STATE of Maine v. Ralph BRADDICK.
[¶ 1] Ralph Braddick appeals from a judgment of conviction of unlawful sexual contact (Class C), 17-A M.R.S.A. § 255(1)(C) (Supp.2001), and two counts of visual sexual aggression against a child (Class D), id. § 256, entered after a jury trial in Superior Court (Kennebec County, Studstrup, J.). Braddick argues that the court erred in the supplemental instruction given in response to a jury note indicating a deadlock. We disagree and affirm the judgment.

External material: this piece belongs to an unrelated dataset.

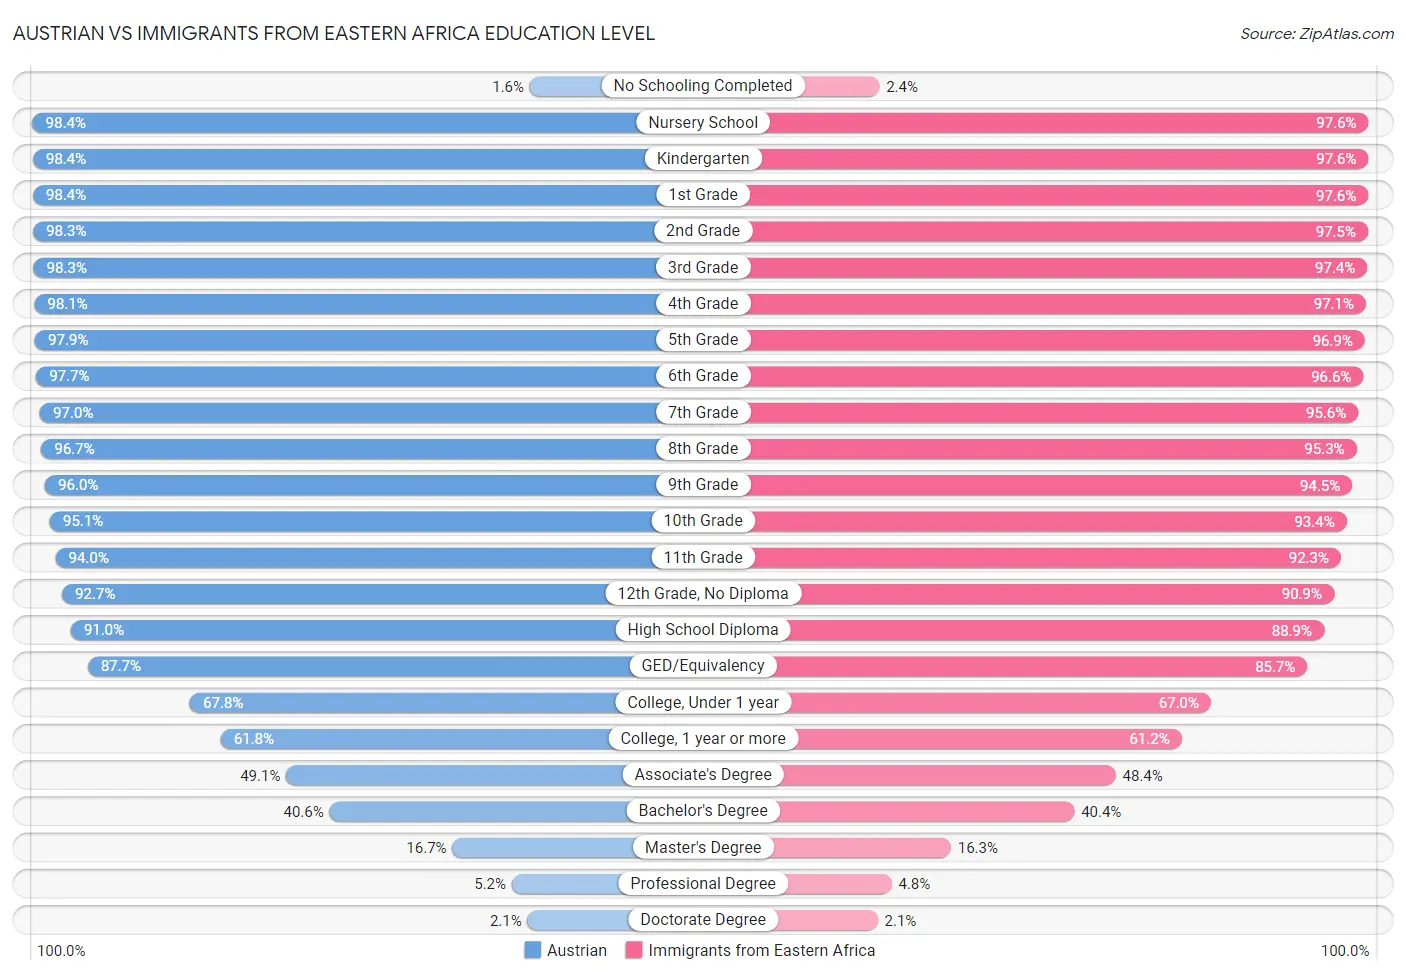 Austrian vs Immigrants from Eastern Africa Education Level

[¶ 2] The jury began its deliberations at 10:23 A.M. on the fourth day of Braddick's trial. Late that afternoon the foreman sent the court a note stating: “We are a hung jury. We are looking for more information and do not feel it's available. We know this is not possible.” The court sent the jurors home for the evening at 5:10 P.M., stating that it would have additional instructions for them in the morning. The next morning, the court told counsel that it intended to give Instruction 301 from DONALD G. ALEXANDER, MAINE JURY INSTRUCTION MANUAL § 8-6 (3d ed.2000). Braddick objected to the giving of any supplemental instruction and moved for a mistrial. The court denied the motion and gave a charge that substantially reflected Instruction 301, but additionally informed the jurors that if they needed a readback of portions of testimony or a reinstruction it was available. The jury returned to deliberations at 9:18 A.M. and subsequently asked for a readback of the testimony of two witnesses who had corroborated the testimony of the alleged victim. Following the readback, the jury returned to deliberations again at 11:20 A.M., and fifty-five minutes later, the jury re-entered the courtroom with a verdict.
[¶ 3] To avoid the possibility that a supplemental charge may coerce a jury into reaching a verdict, an instruction based on ABA STANDARDS FOR CRIMINAL JUSTICE § 15-4.4 (1980) is the proper response to a jury communication indicating a deadlock. State v. Weidul, 628 A.2d 135, 136-37 (Me.1993). The substance of the ABA standard is fully set forth in MAINE JURY INSTRUCTION MANUAL § 8-6, and the trial court's instruction varied from that instruction only by adding a reference to the possibility of a readback.
[¶ 4] Braddick concedes that the instruction given by the trial court would have been proper in an ordinary deadlock situation, but he argues that the content of the jury note created an unusual circumstance in which any supplemental instruction would have been coercive and this instruction was particularly so. He contends that the court should have granted his motion for a mistrial instead of giving the supplemental instruction.
[¶ 5] We disagree that the jury's reference to “looking for more information,” which it recognized was unavailable and not possible, transformed its deadlock note into a situation requiring an immediate mistrial. The wording of the note likely meant that some jurors may have thought that without additional evidence the jury could not reach a verdict. This is similar to an ordinary deadlock situation. See State v. Cote, 540 A.2d 470, 470 (Me.1988) (finding no obvious error in trial court's reinstructing jury and failing to grant mistrial after jury note stating, “Insufficient evidence from some jurors. We feel more witnesses to verify girl's story.”). The jury note in this case was the first suggestion of a deadlock and came after less than seven hours of deliberation. There was no indication of a hopeless deadlock that could require a mistrial. The jury may have then thought that a unanimous verdict would be impossible without more information, but that belief was not any different from the circumstance of a jury that thinks a unanimous verdict is impossible because, at that point, no jurors seem likely to change their minds. The fact that the jurors have indicated that they do not have enough information does not require a declaration of a mistrial. Instead, giving the approved supplemental instruction is proper.
[¶ 6] Braddick complains about the court's addition to the approved instruction of an offer to read back testimony or repeat instructions. Given the jury's desire for more information, however, that offer was appropriate and not coercive. See State v. Engstrom, 453 A.2d 1170, 1173 (Me.1982) (finding no obvious error in trial court sua sponte asking jury if readback of particular testimony would be helpful).
[¶ 7] Braddick argues that the supplemental instruction was coercive because “the court told the jury that they should reach a verdict on the evidence presented.” What the court actually said, however, shows that this argument is without merit:
It is your duty as jurors to deliberate with a view to reaching an agreement if you can do so without sacrificing individual judgment․ [D]o not surrender your honest belief as to the weight or effect of the evidence solely because of the opinion of your fellow jurors or for the mere purpose of returning a verdict․ If after further deliberations you still believe that you cannot reach a verdict, you should advise me of that in writing.
There is no basis for concluding that this instruction coerced the jury into reaching a verdict.